Number of chimeric reads | 0

% of chimeric reads | 0.00%

For comparison, here is what our mapping to the human reference looks like.

Started job on | Mar 19 00:41:17

Started mapping on | Mar 19 01:03:00

Finished on | Mar 19 01:40:06

Mapping speed, Million of reads per hour | 961.75

Number of input reads | 594681159

Average input read length | 66

UNIQUE READS:

Uniquely mapped reads number | 459120957

Uniquely mapped reads % | 77.20%

Average mapped length | 65.53

Number of splices: Total | 128971189

Number of splices: Annotated (sjdb) | 128712920

Number of splices: GT/AG | 127927630

Number of splices: GC/AG | 610176

Number of splices: AT/AC | 37485

Number of splices: Non-canonical | 395898

Mismatch rate per base, % | 0.96%

Deletion rate per base | 0.01%

Deletion average length | 1.28

Insertion rate per base | 0.00%

Insertion average length | 1.19

MULTI-MAPPING READS:

Number of reads mapped to multiple loci | 97235568

% of reads mapped to multiple loci | 16.35%

Number of reads mapped to too many loci | 1127

% of reads mapped to too many loci | 0.00%

UNMAPPED READS:

% of reads unmapped: too many mismatches | 0.00%

% of reads unmapped: too short | 4.22%

% of reads unmapped: other | 2.23%

CHIMERIC READS:

Number of chimeric reads | 0

% of chimeric reads | 0.00%

The difference in multi-mappers is about 10-15%, but certainly it seems to significantly change the percentage of pseudogenes called later.

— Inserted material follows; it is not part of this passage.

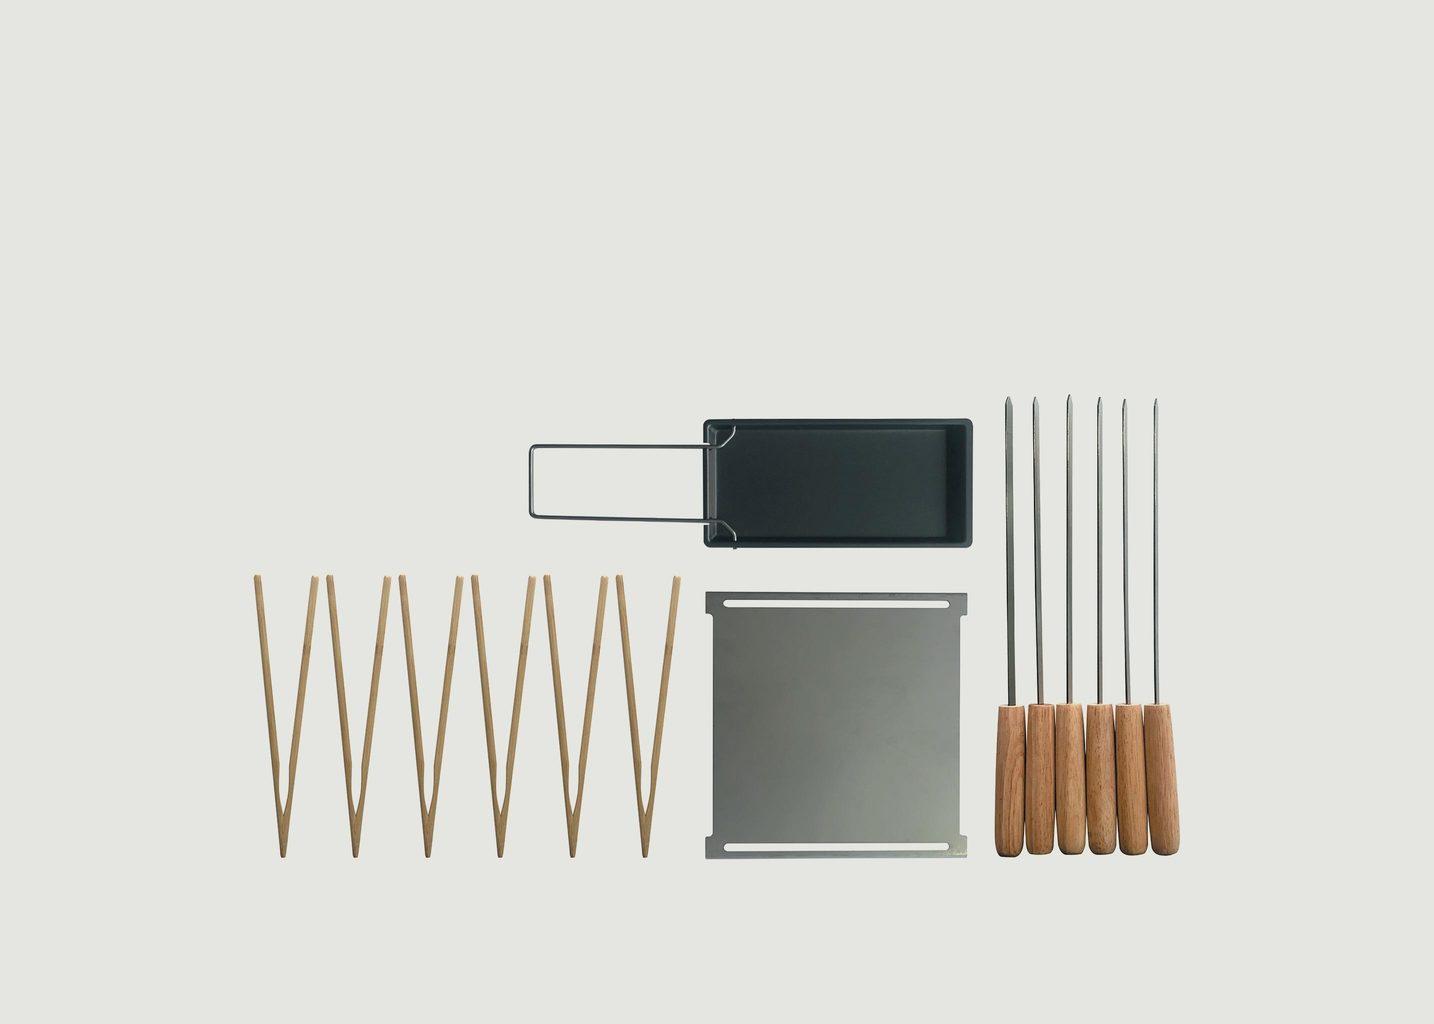 Accessoires Premium pour Barbecue Yaki - Cookut

I figured it likely had to do with the genome assembly but I'm not exactly sure why the mouse and human genomes (from the same source) would differ.

Alexander Dobin

unread,

Jun 28, 2018, 11:27:57 PM6/28/18

to rna-star

Hi Suraj,

one thing that stands out in the Log.final.out is the low proportion of spliced reads.

Are these are 3' end reads, Drop-seq like?

It's possible that for some reason the ends of 3' ends of genes and pseudogenes have more sequence similarity in mouse than in human for some reason.